Où ils se posèrent des questions

Chine - Février 2016

En proie à des difficultés de communication de plus en plus importantes, c’est un petit parcours du combattant que nous entreprenons pour partir à la découverte des terres fabuleuses du Guizhou. Dans cette province, des minorités ethniques aux traditions chantées et à l’architecture virtuose sont installées au cœur de décors somptueux, offrant une expérience hors du temps.

A l’entrée des hameaux de Chengyang, nichés au cœur d’une nature luxuriante, nous tombons sous le charme renversant du plus fameux « pont du vent et de la pluie ». Enjambant la rivière, cet ouvrage majestueux est l’unique voie d’accès au village, lien symbolique entre la vie locale et le monde extérieur. Surmonté de pagodes en bois couvertes de tuiles bleues, et nimbé d’une brume diffuse, il dégage une ambiance douce et poétique.

Au détour de notre promenade à travers le chapelet de villages de Chengyang, peuplés par l’ethnie Dong, nous découvrons une longue tablée de villageois installés en plein air. Ils partagent gaiment de grands plats de nourritures pendant que les plus jeunes font exploser en riant d’interminables rouleaux de pétards mitraillette dans un bruit assourdissant. Ils ne semblent pas remarquer notre présence. Un peu plus loin, sur une place en pierre, entre trois maisons de bois, une petite vieille est courbée sur un banc. Elle coud des petits poissons porte-bonheur, aux corps rouge ornés de fils d’or. Elle me lance un grand sourire, dévoilant les deux dents qu’il lui reste. Je lui échange l’un de ses poissons contre une poignée de pièces. On n’a jamais assez de bonheur.

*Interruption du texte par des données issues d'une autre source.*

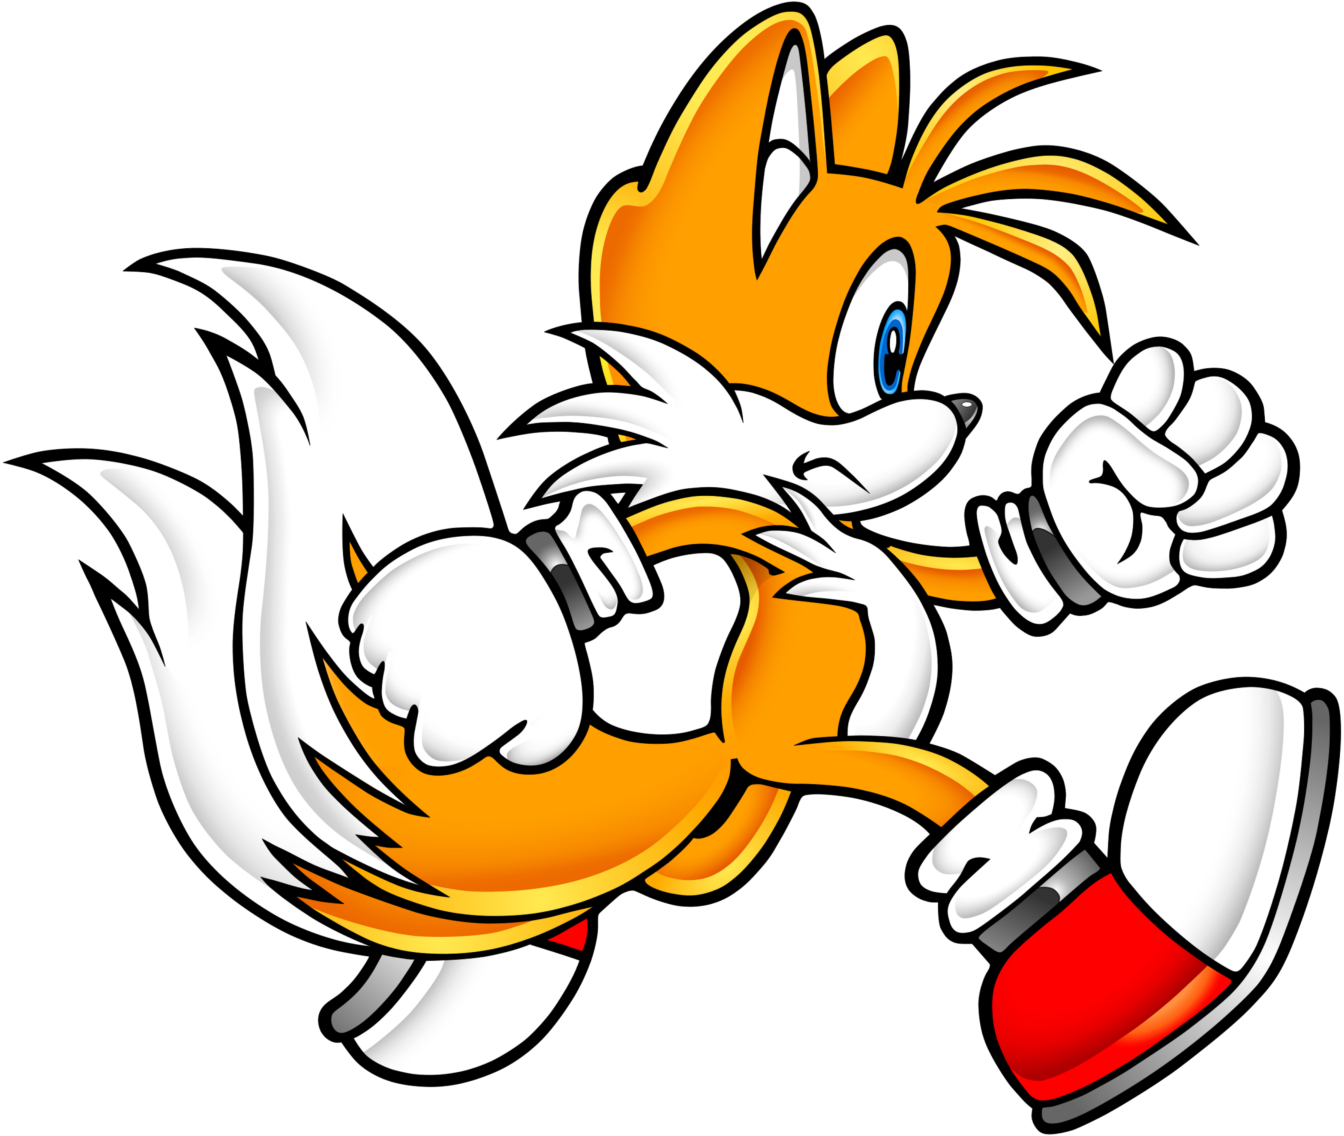 Sa2b Tails Pic0036 - Sonic Adventure 2 Tails Png (1344x1136)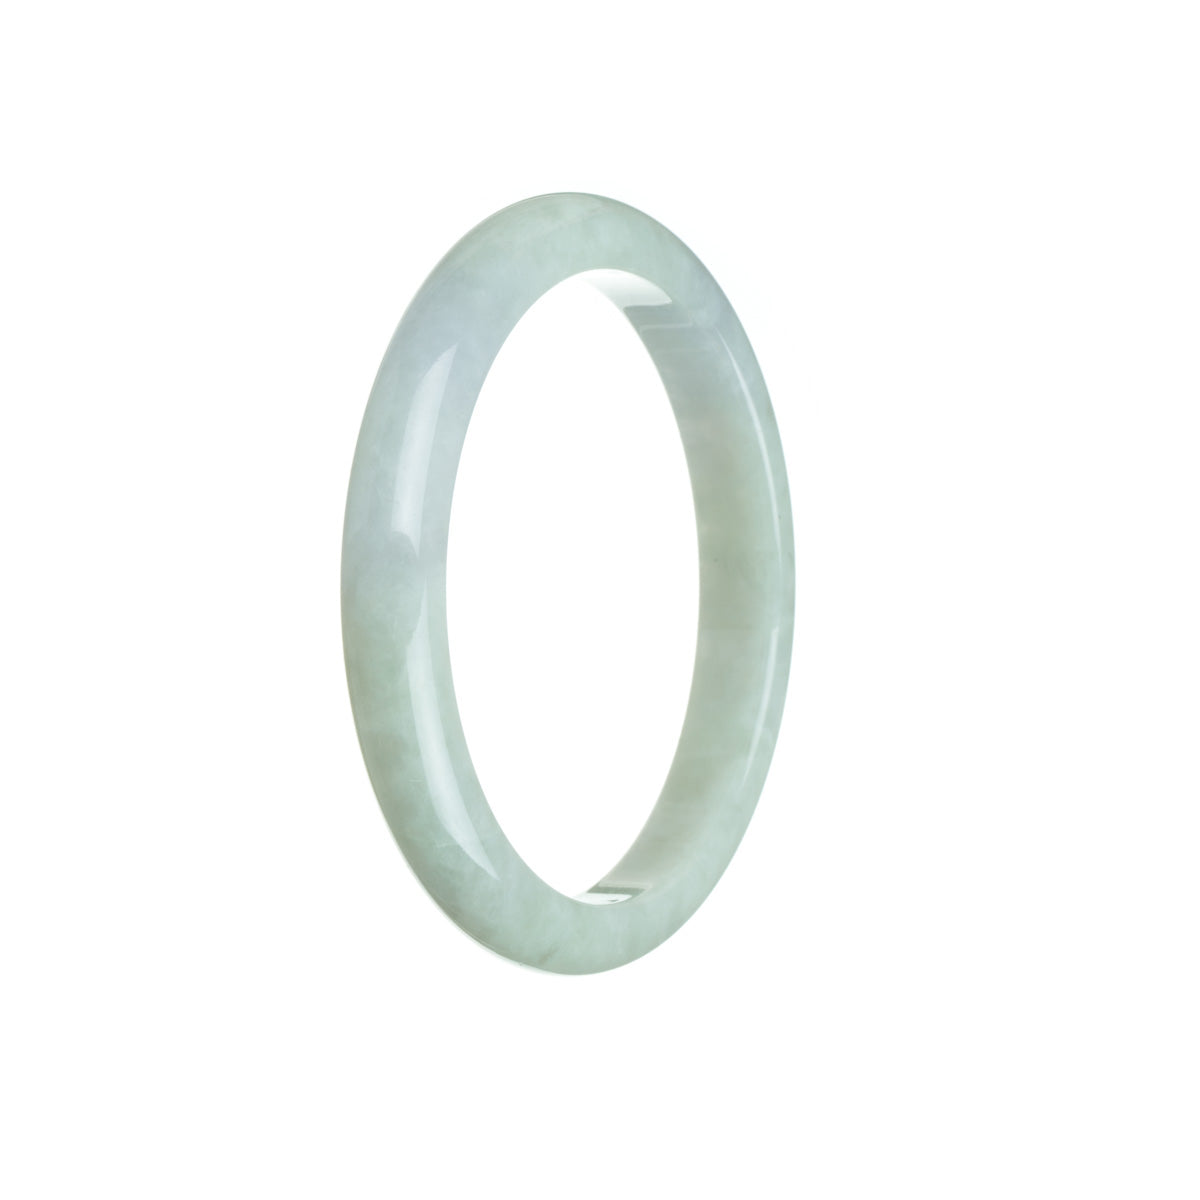 A beautiful pale green jade bracelet with a semi-round shape, measuring 56mm. Made with genuine Grade A jade by MAYS™.

Nous découvrons ensuite le village de Basha, niché au cœur de la jungle, et entouré de rizières en terrasse où paissent les buffles d’eau. Situé à quelques kilomètres seulement de la ville moderne de Conjiang, Basha est mystérieusement parvenu à préserver ses coutumes et pratiques ancestrales. Toutes les maisons sont construites sur pilotis, pour abriter le bétail en dessous. D’immenses échelles de bois sont plantées dans le sol pour y faire sécher les gerbes de riz. Les femmes se promènent en habits traditionnels entièrement réalisés à la main, délicatement brodés. Les hommes, coiffés de chignons, travaillent aux champs ou pratiquent la chasse au fusil. Il n’est pas rare de les voir traverser le village couteau à la ceinture et fusil à l’épaule.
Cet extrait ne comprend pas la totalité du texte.